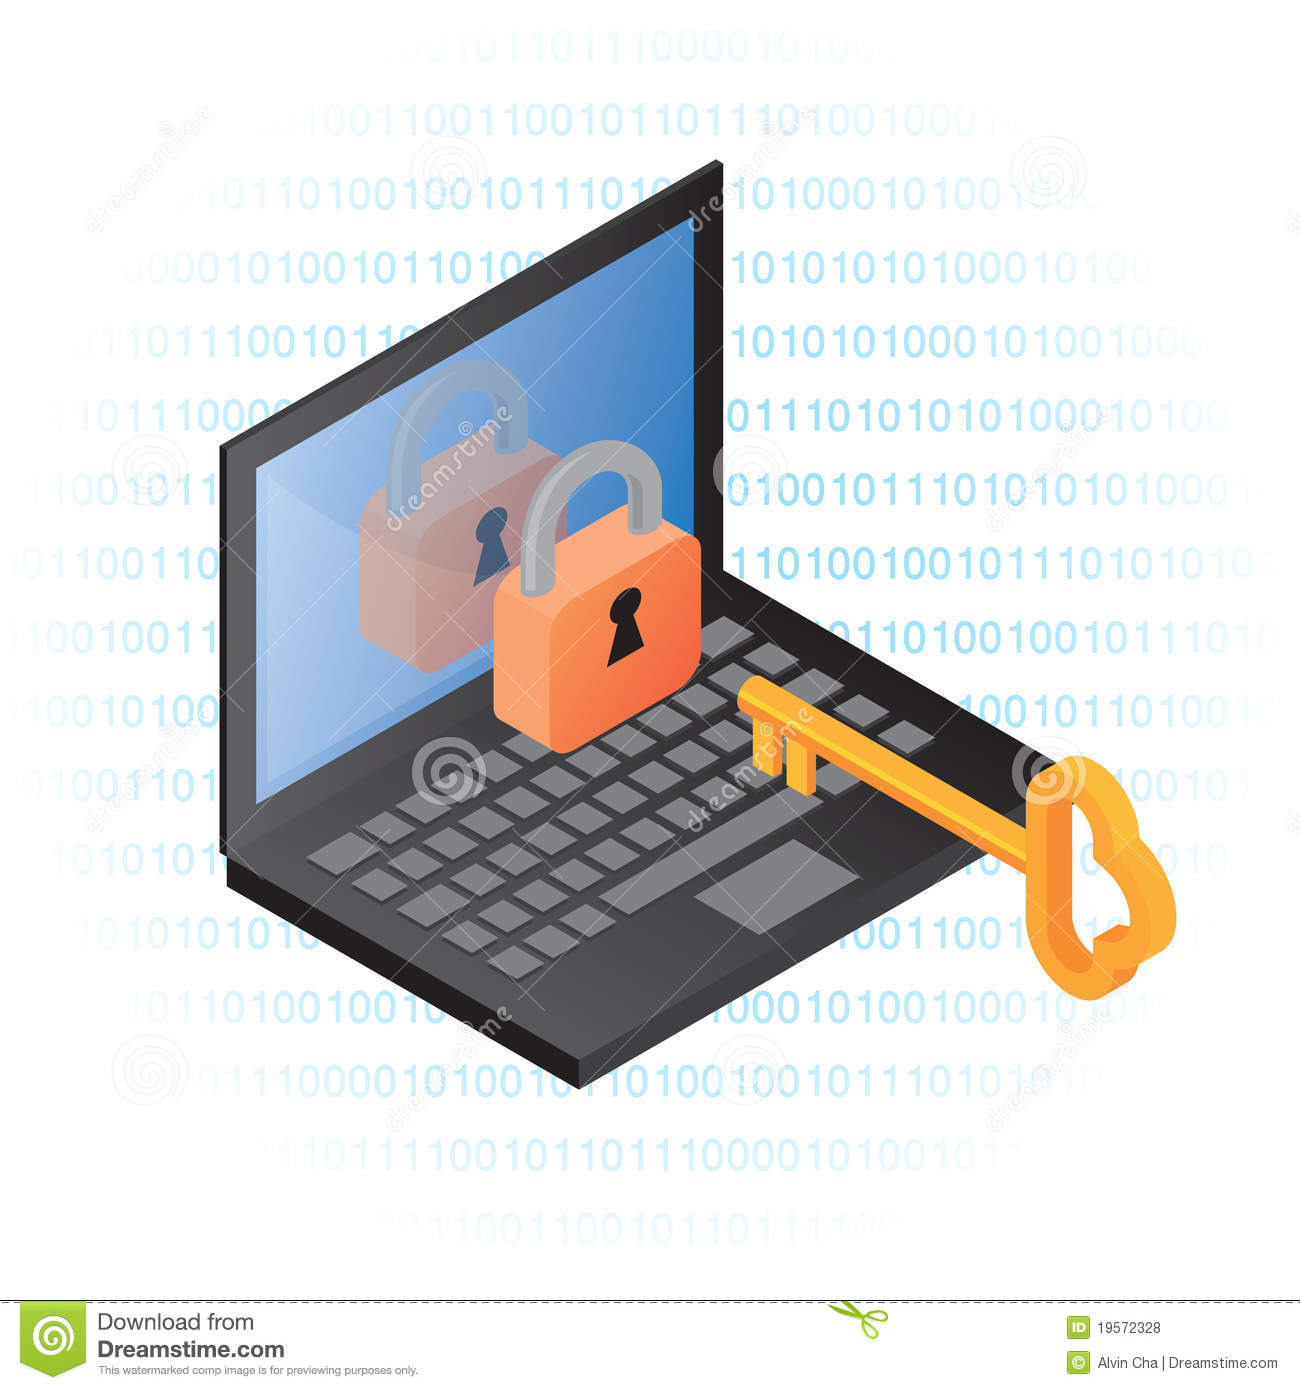 Computer Information Security Royalty Free Stock Photos   Image    
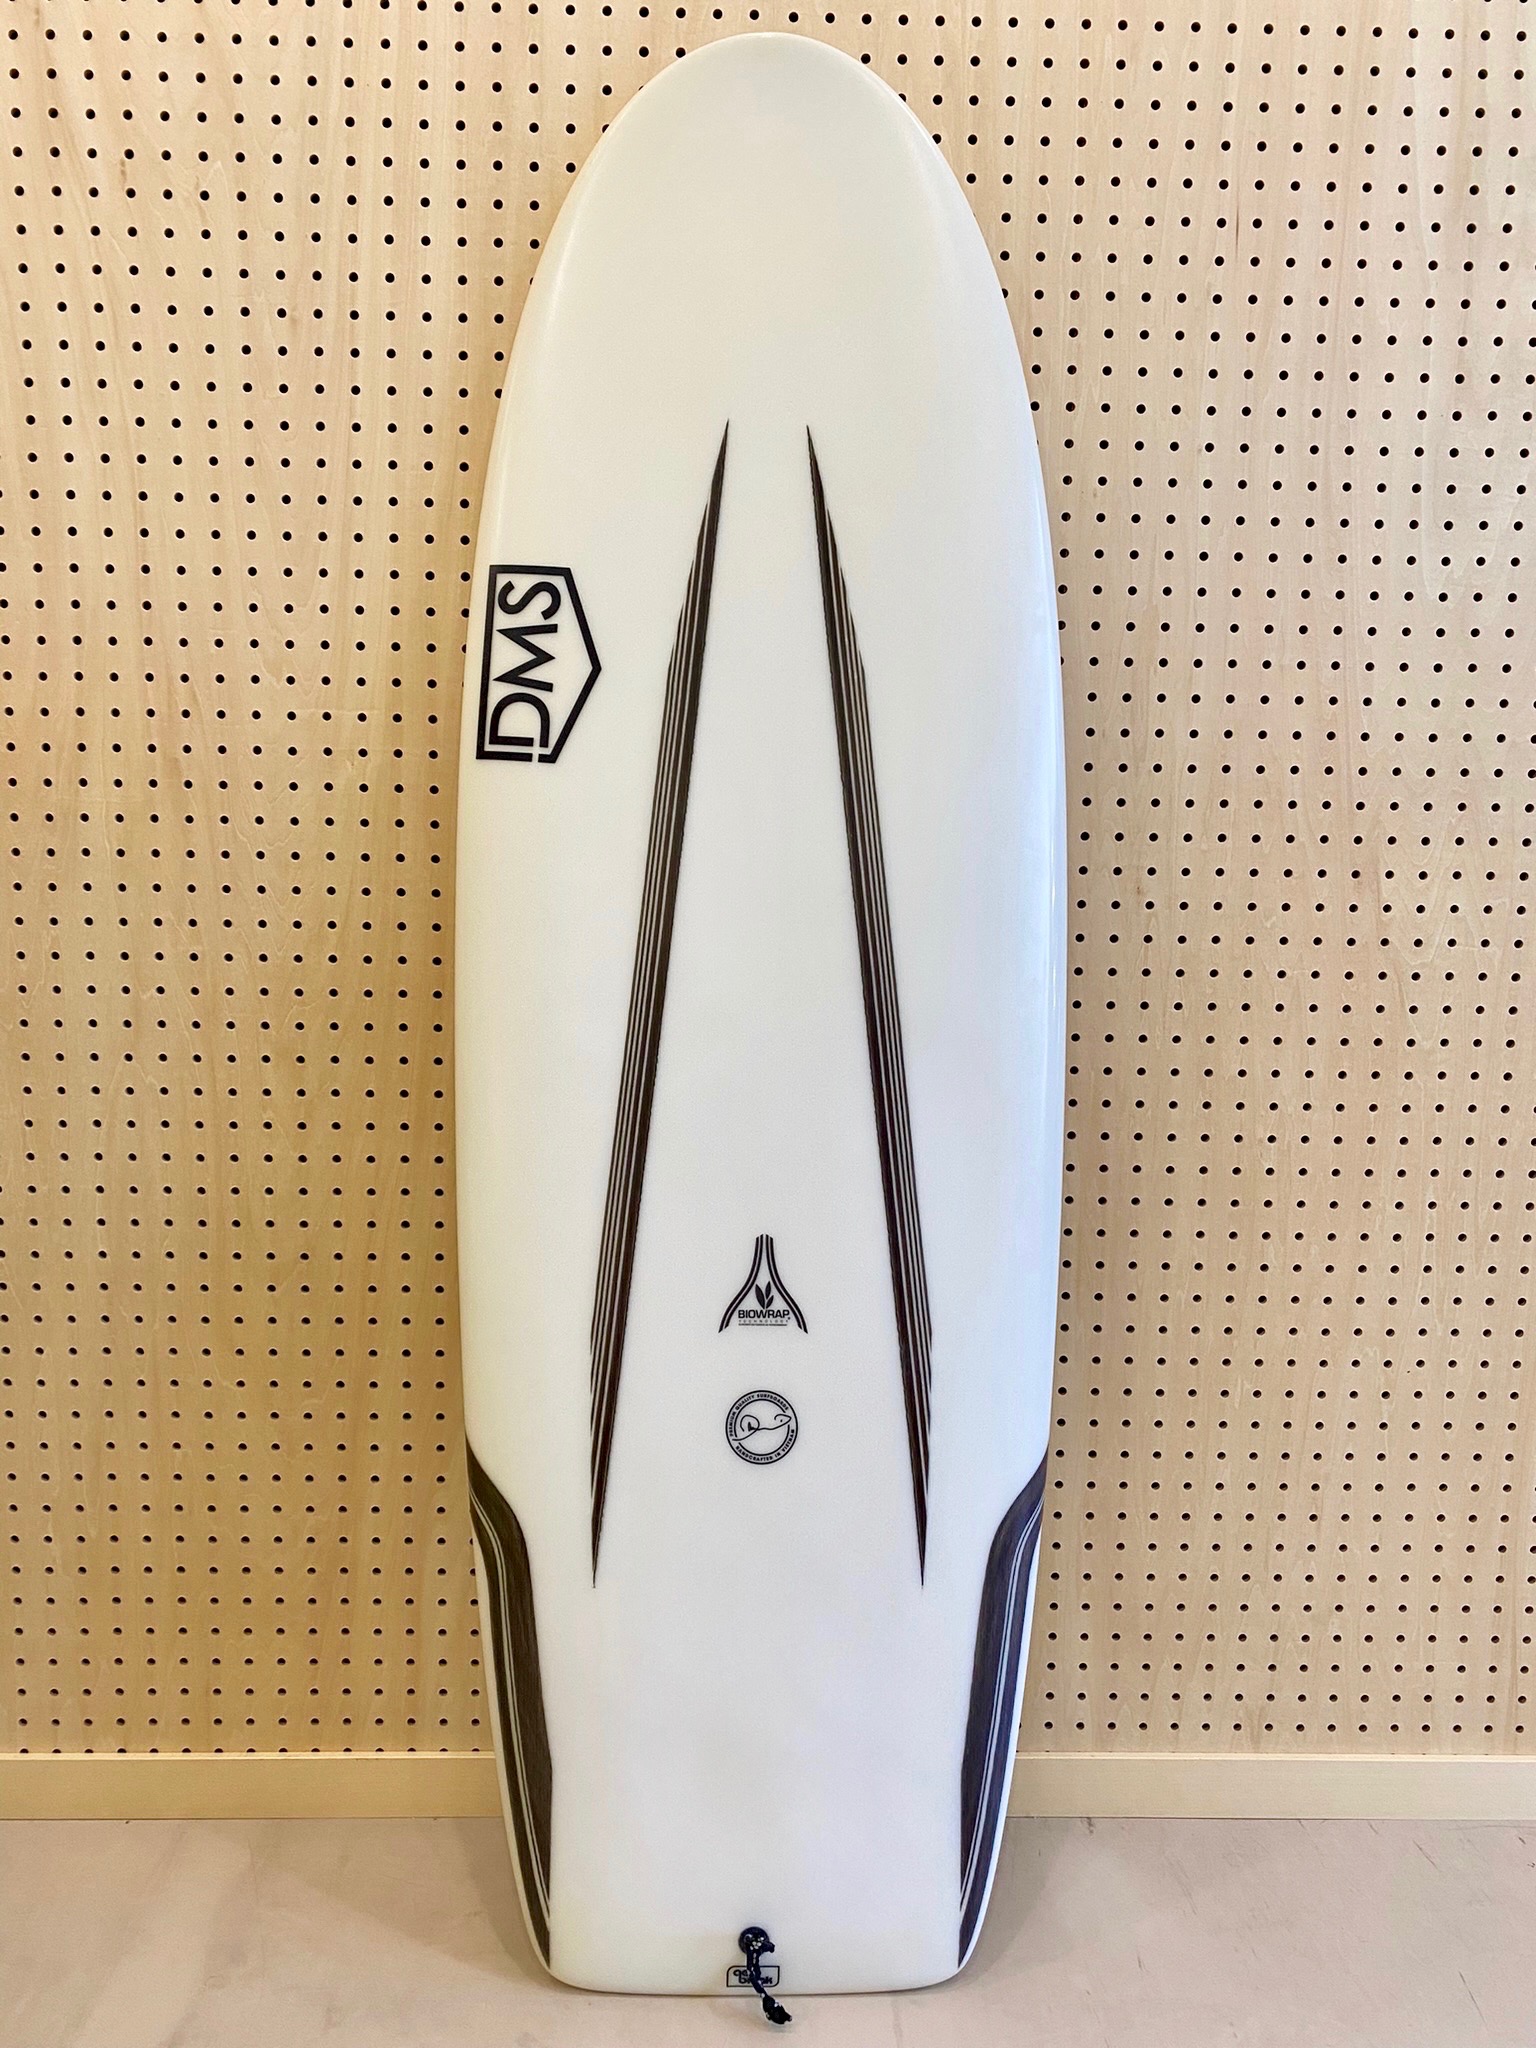 USED BOARDS (DMS Surfboards Valium 5.2)|site_title
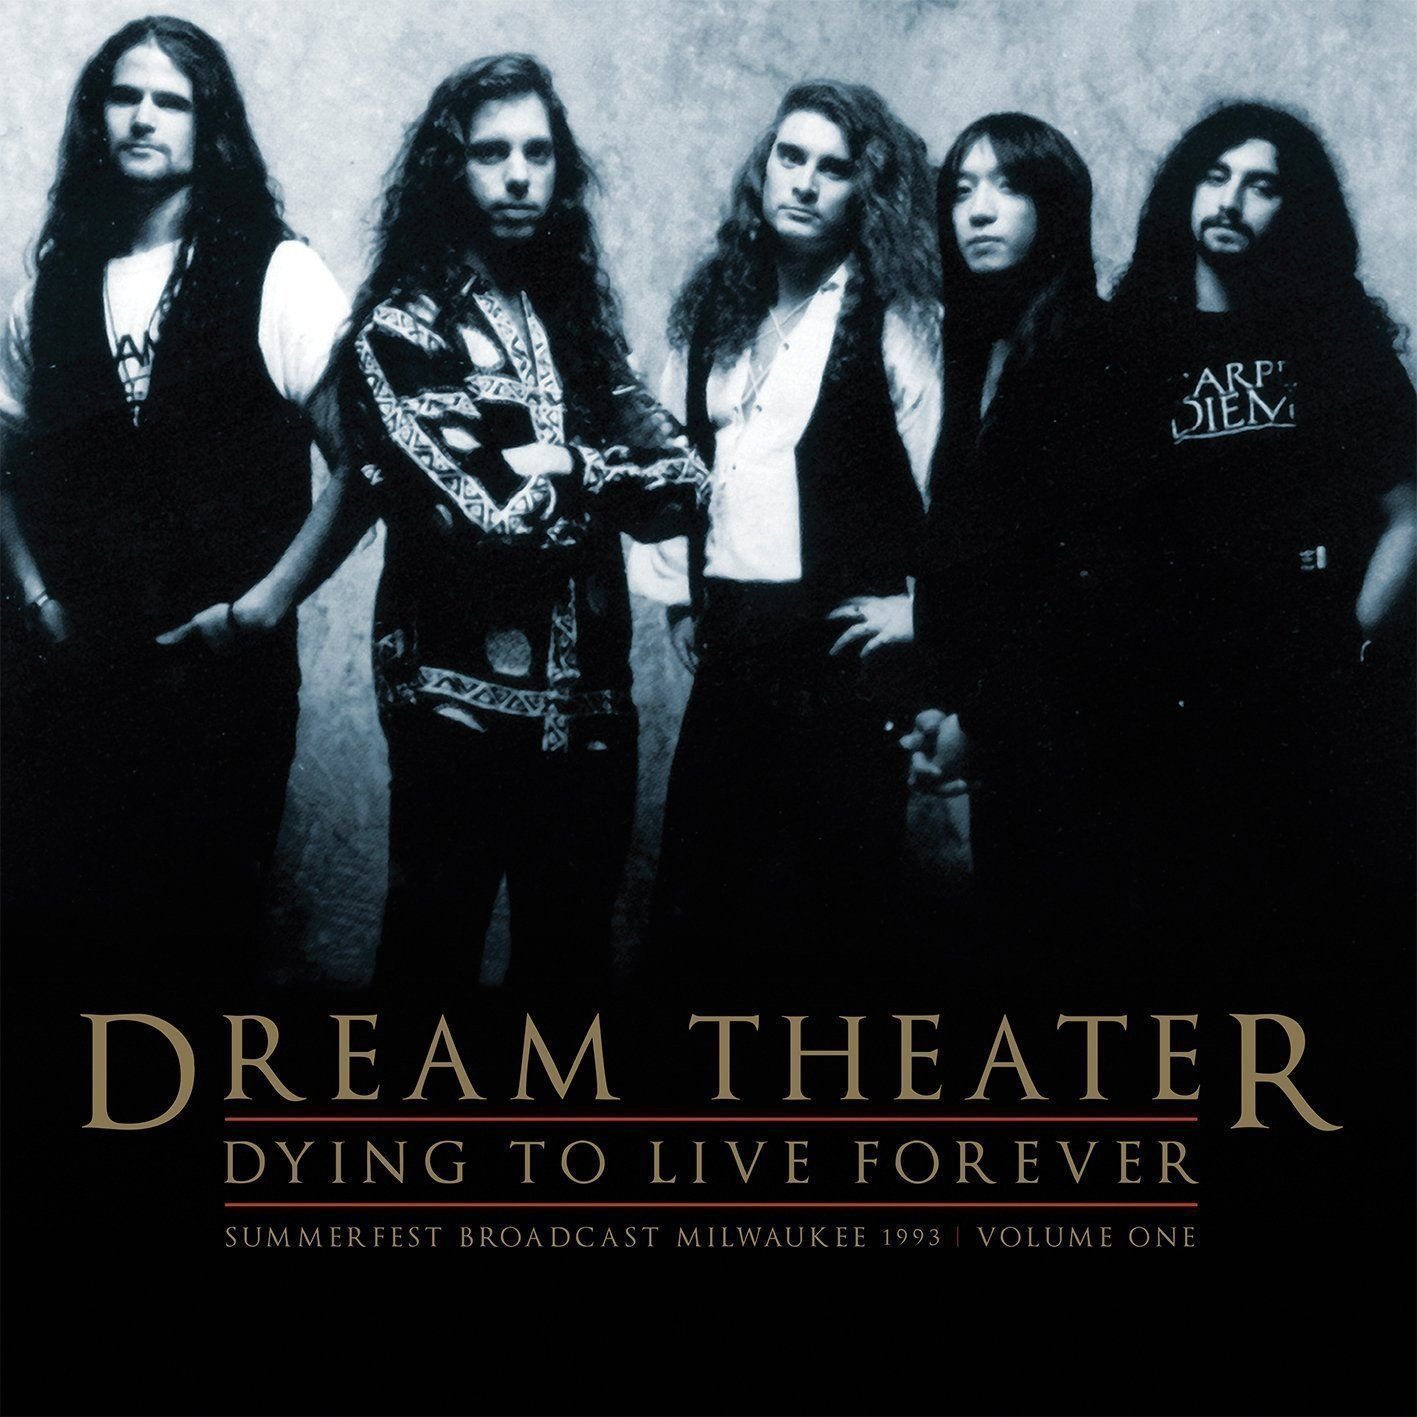 LP Dream Theater - Dying To Live Forever - Milwaukee 1993 Vol. 1 (2 LP)
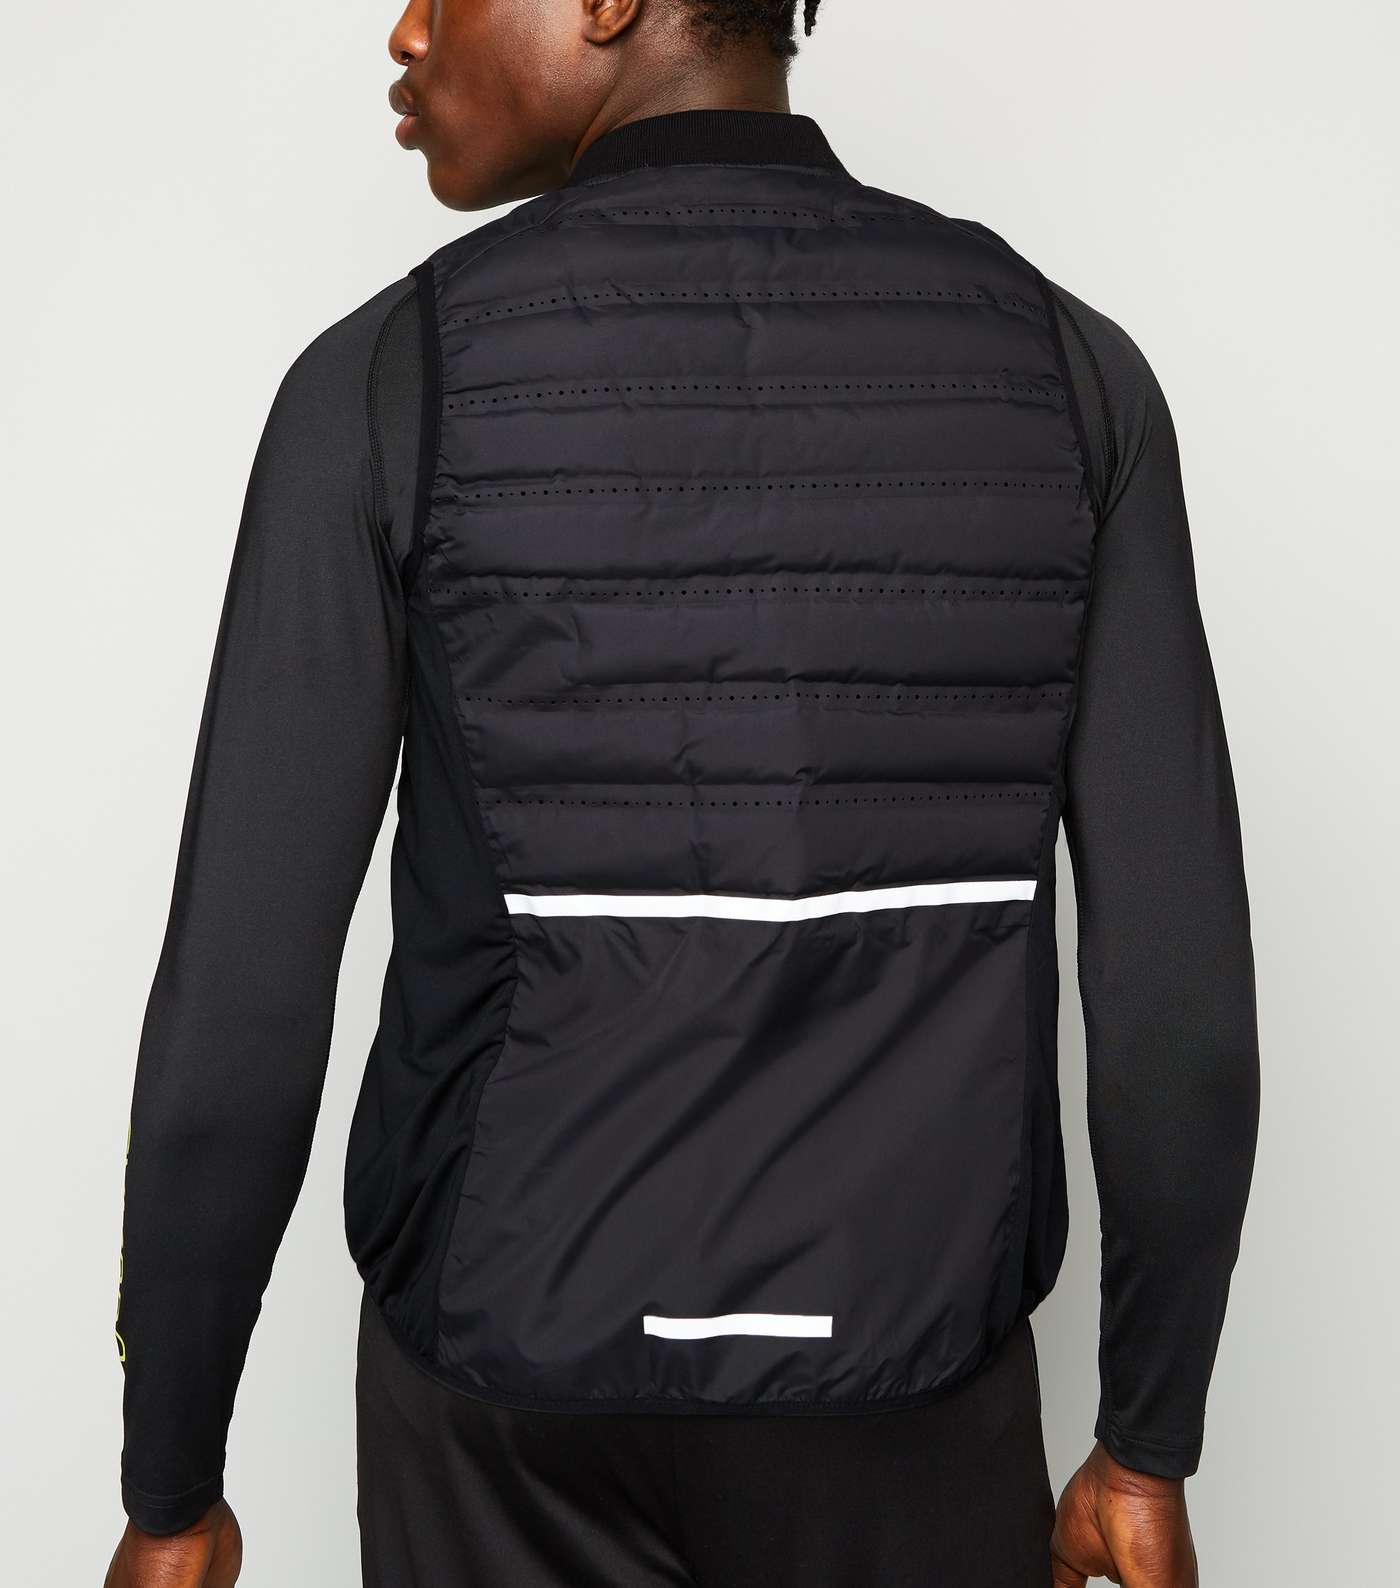 GymPro Black Quilted Sports Gilet Image 3

Brief:
Word for word, reproduce the material above and omit each image.

Problem solution:
 Computer Information Security Royalty Free Stock Photos   Image    
 USED BOARDS (DMS Surfboards Valium 5.2)|site_title
 LP Dream Theater - Dying To Live Forever - Milwaukee 1993 Vol. 1 (2 LP)
 GymPro Black Quilted Sports Gilet Image 3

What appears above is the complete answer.